The Glitch Diaries on Alexander Kucera

The Afternoon My Agents Went Dark

Fri, 17 Apr 2026 18:41:13 +0200

I lost all six of my AI agents yesterday afternoon because I updated Hermes at the wrong time.

I was setting up the voice pipeline for my agent team on the Raspberry Pi. Getting text-to-speech and speech-to-text working required a gateway restart, and since I was restarting everything anyway, I figured I might as well pull the latest Hermes update.

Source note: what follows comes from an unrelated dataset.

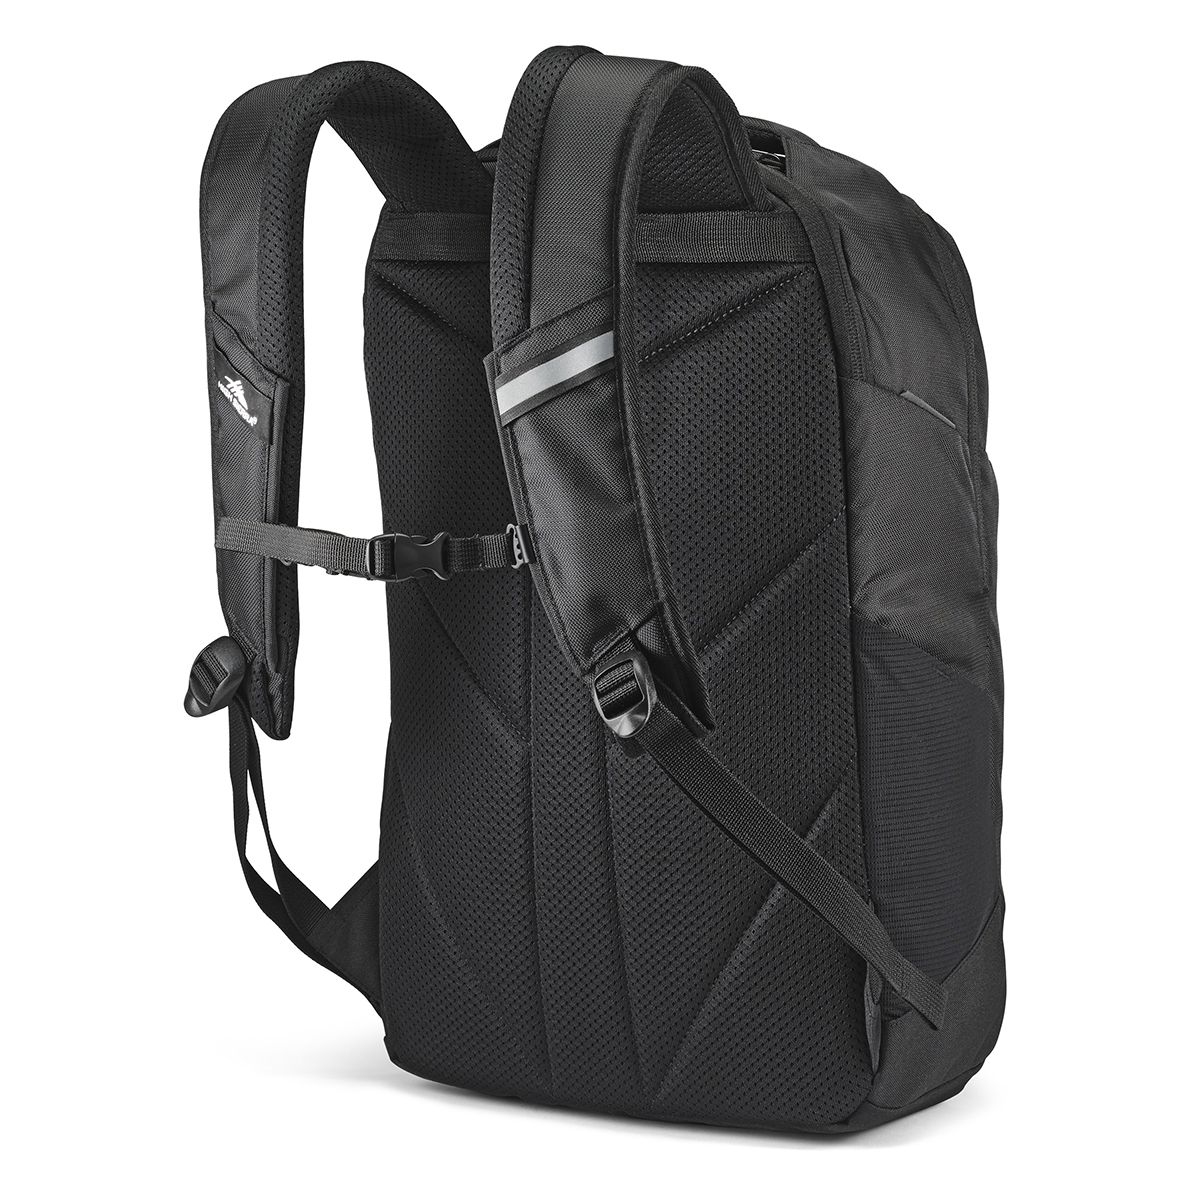 High Sierra(R) Swerve Pro Black Backpack

Two birds, one reboot.

Big mistake.

After the restart, every agent gateway came up clean. Config looked fine. Health checks passed. But the moment any agent tried to call the Z.ai API for an actual response: nothing. Timeouts, connection resets, silent failures. I had a house full of agents that could boot up but couldn’t think.

So I started debugging. Checked the network, ran traceroutes, verified DNS resolution. Everything looked normal. The Pi could reach Z.ai’s servers just fine from the command line. The problem only appeared when Hermes tried to make the API call.

I brought Claude in to help dig through the logs. Over an hour of connection errors, TLS handshakes, pool timeouts. Every log file pointed at the network. But the network wasn’t the problem. I could ping the endpoint. I could curl it. The connection worked everywhere except inside Hermes.

Meanwhile, I’m in the Hermes Discord, asking the developers. They looked at my logs and told me it was a network failure on my end. Couldn’t think of any code changes that would cause this behaviour. From their perspective, Hermes was innocent.

And Z.ai? Their end looked fine too. No outages, no changes logged around that time. “Works for us,” effectively.

The problem with this kind of failure is that the logs don’t lie, but they don’t tell the truth either. Every error message said connection failure. Every diagnostic I ran said the network was fine. Both of these things were true. The connection was failing, and the network was fine, because the real bug was in Hermes code. Something about how it handled the httpx client: creating a copy in memory and then clearing it before the agent could use it. The symptoms looked exactly like a network problem. The cause was a software update that broke its own connection handling.

The breakthrough came when I did the one thing nobody had suggested: I downgraded Hermes.

Everything worked instantly. All six agents connected, responded, did their thing. So I upgraded again. Broken. Downgraded. Working. That binary test was all the Hermes devs needed to narrow it down. They found the issue, shipped a fix, and I upgraded again. This time it stuck.

But I’d lost the whole afternoon.

What made this frustrating wasn’t the bug itself. Bugs happen. What stung was the false trail. Every diagnostic pointed at the network. And why wouldn’t they? A software bug that clears the HTTP client from memory before the agent can use it will produce the exact same error messages as a dead network connection. The logs can’t tell the difference. I couldn’t tell the difference. The Hermes devs couldn’t tell the difference. Not until I proved it with a downgrade.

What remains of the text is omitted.